Background technology
Body eutrophication is a worldwide problem, China and in the world other countries all be faced with great challenge.Body eutrophication has great harm to the ecosystem, Economic development and human health.Body eutrophication has destroyed water body self-purification ability and food chain structure, destroys view simultaneously, during the blue-green alga bloom outburst, forms paint shape algae slurry, and produces stench.The algae that body eutrophication brings sharply breeds, and has brought the deuce to pay to drinking water treatment, has increased the water treatment expense, makes effluent quality be difficult to guarantee.Even more serious is that algae can secrete nosotoxin, exists potential to threaten to HUMAN HEALTH.
All there are the eutrophication phenomenon in most of lake of China and reservoir, and blue-green alga bloom often breaks out, and existing eutrophic water body is administered or algae-removing method mainly contains biological process, chemical method, biochemical process etc.These methods all have certain effect to removing algae, but also all have deficiency, and method is more single, especially utilizes hydrobiont to remove algae, often can only be better to one or more algae removals in the natural water body, can not on the whole various algaes be controlled at lower level.Especially in the drinking water treatment field, raw water quality is had relatively high expectations, algae is too high to be difficult to satisfy its water quality demand.
Summary of the invention
The purpose of this invention is to provide a kind of method of utilizing zooplankton and filter-feeding fish series connection to remove algae, it can solve adopts hydrobiont to remove algae, can not remove the problem of algae in the natural water body fully.

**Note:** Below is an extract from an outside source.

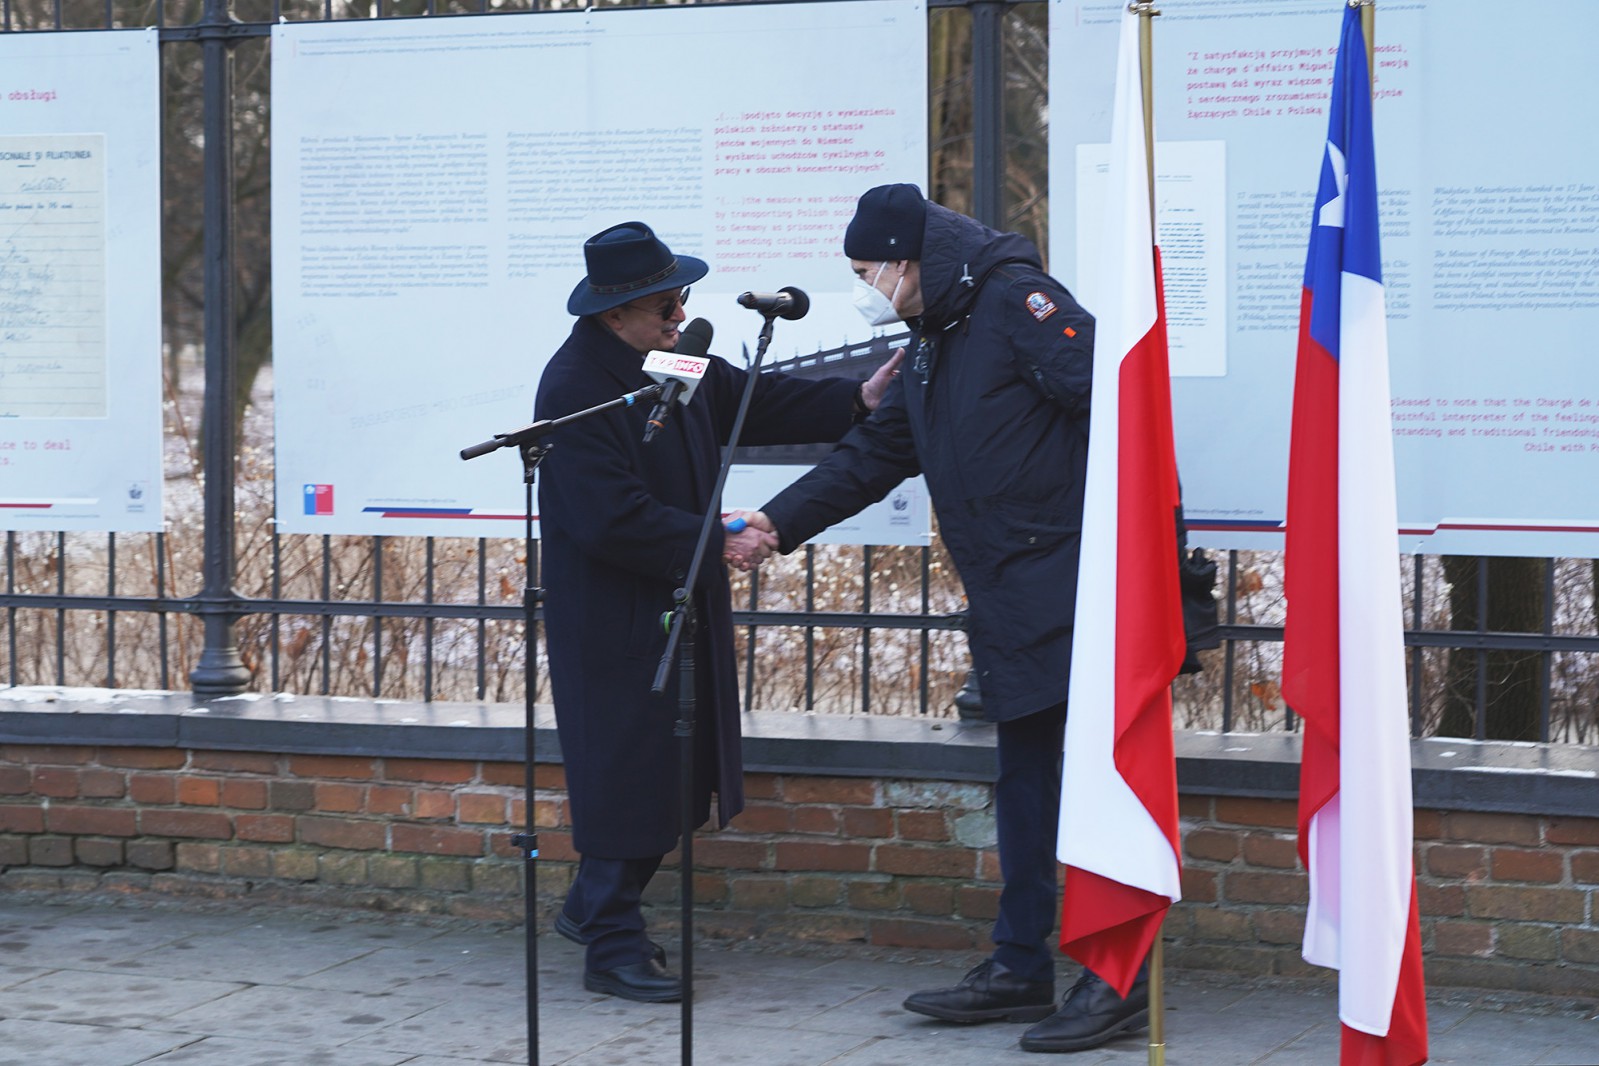 Dwaj mężczyźni w zimowych okryciach podają sobie ręce. Mężczyźni stoją na tle plansz wystawowych, wiszących na ogrodzeniu. Po prawej stronie stoją dwie flagi. 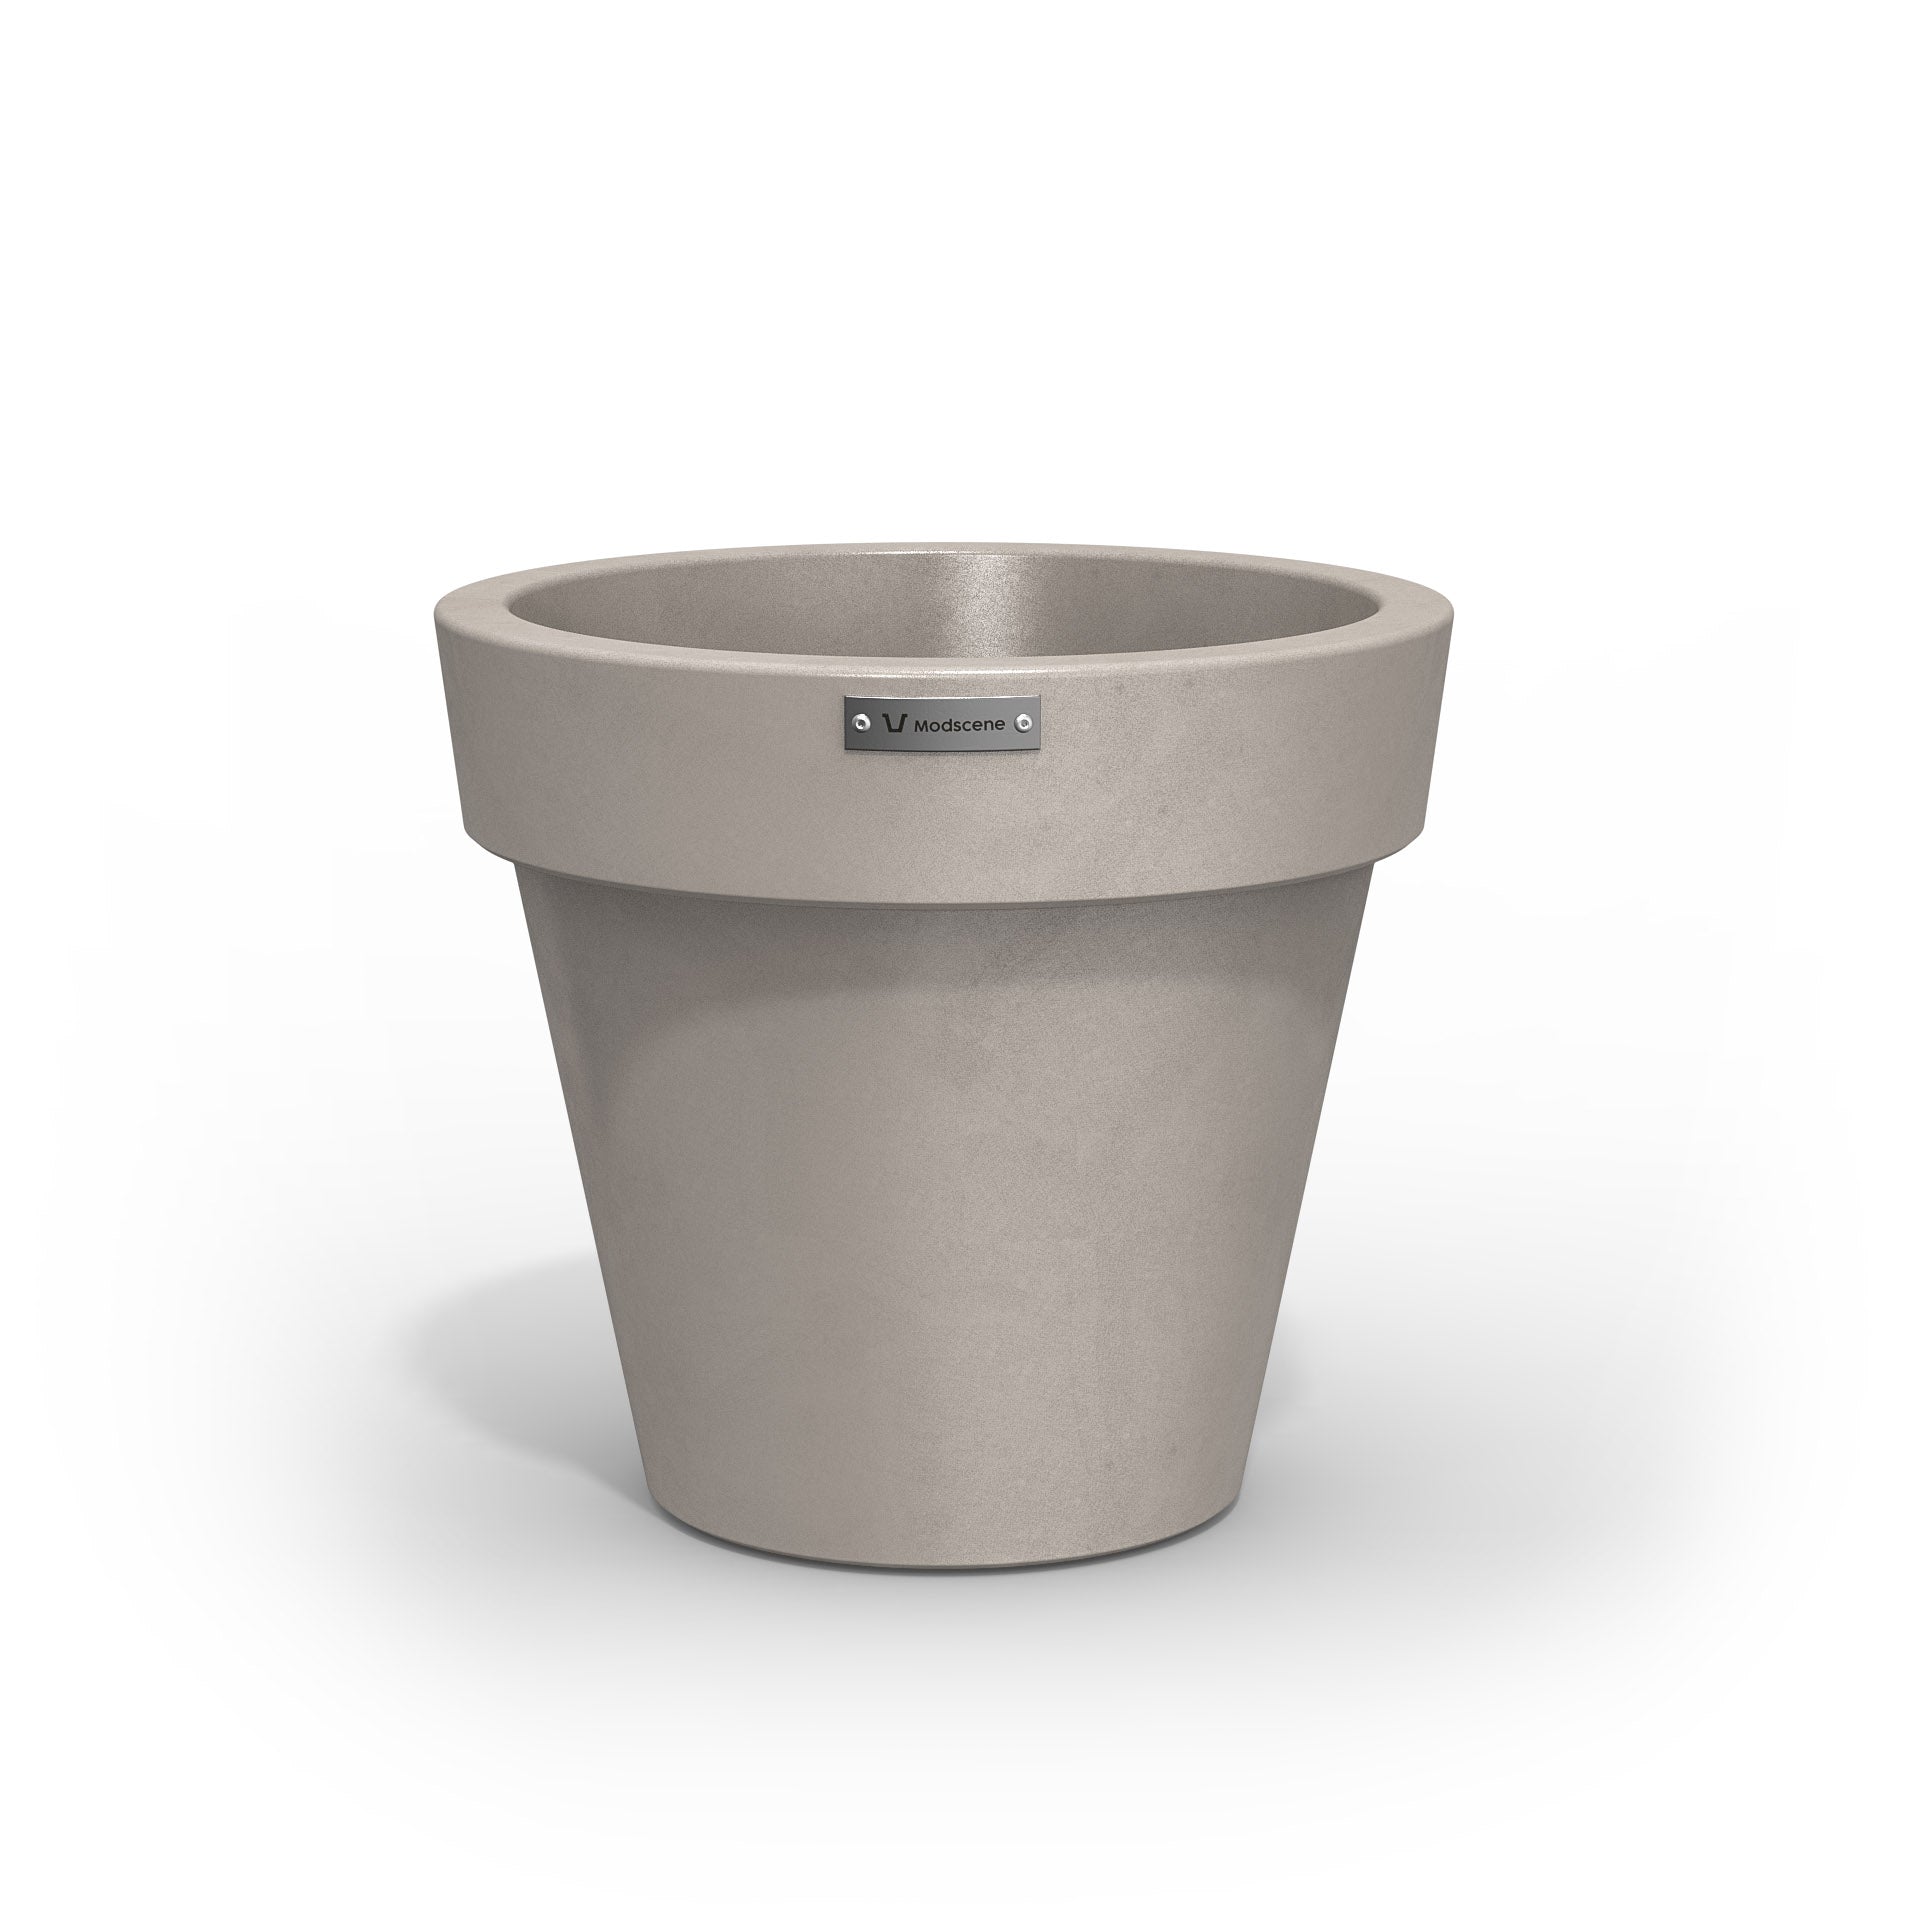 Small Modscene plastic planter pot in a sandstone colour with a concrete look.

The present invention finishes like this: at least two storing facilities of waters are together in series, then algae-containing water is flow through each storing facilities of water successively, hydraulic detention time in each storing facilities of water is 1~3 day, alternately put zooplankton or filter-feeding fish in a suitable place to breed in adjacent two storing facilities of waters, put zooplankton in a suitable place to breed for being the Daphnia magna of food with small-sized algae, to put the interior fish of storing facilities of water of zooplankton simultaneously in a suitable place to breed and clear up away or throw in predacious fish fully, the storing facilities of water stocked carp of putting filter-feeding fish in a suitable place to breed is silver carp and bighead, perhaps only puts silver carp in a suitable place to breed; The silver carp breeding density of putting silver carp and bighead in a suitable place to breed or only putting silver carp in a suitable place to breed is 40-200g/m
3, the single tail fish of silver carp heavily is 60-500g, and bighead is 1: 3~1: 5 with silver carp breeding density ratio, and the single tail fish of bighead heavily is 60-500g.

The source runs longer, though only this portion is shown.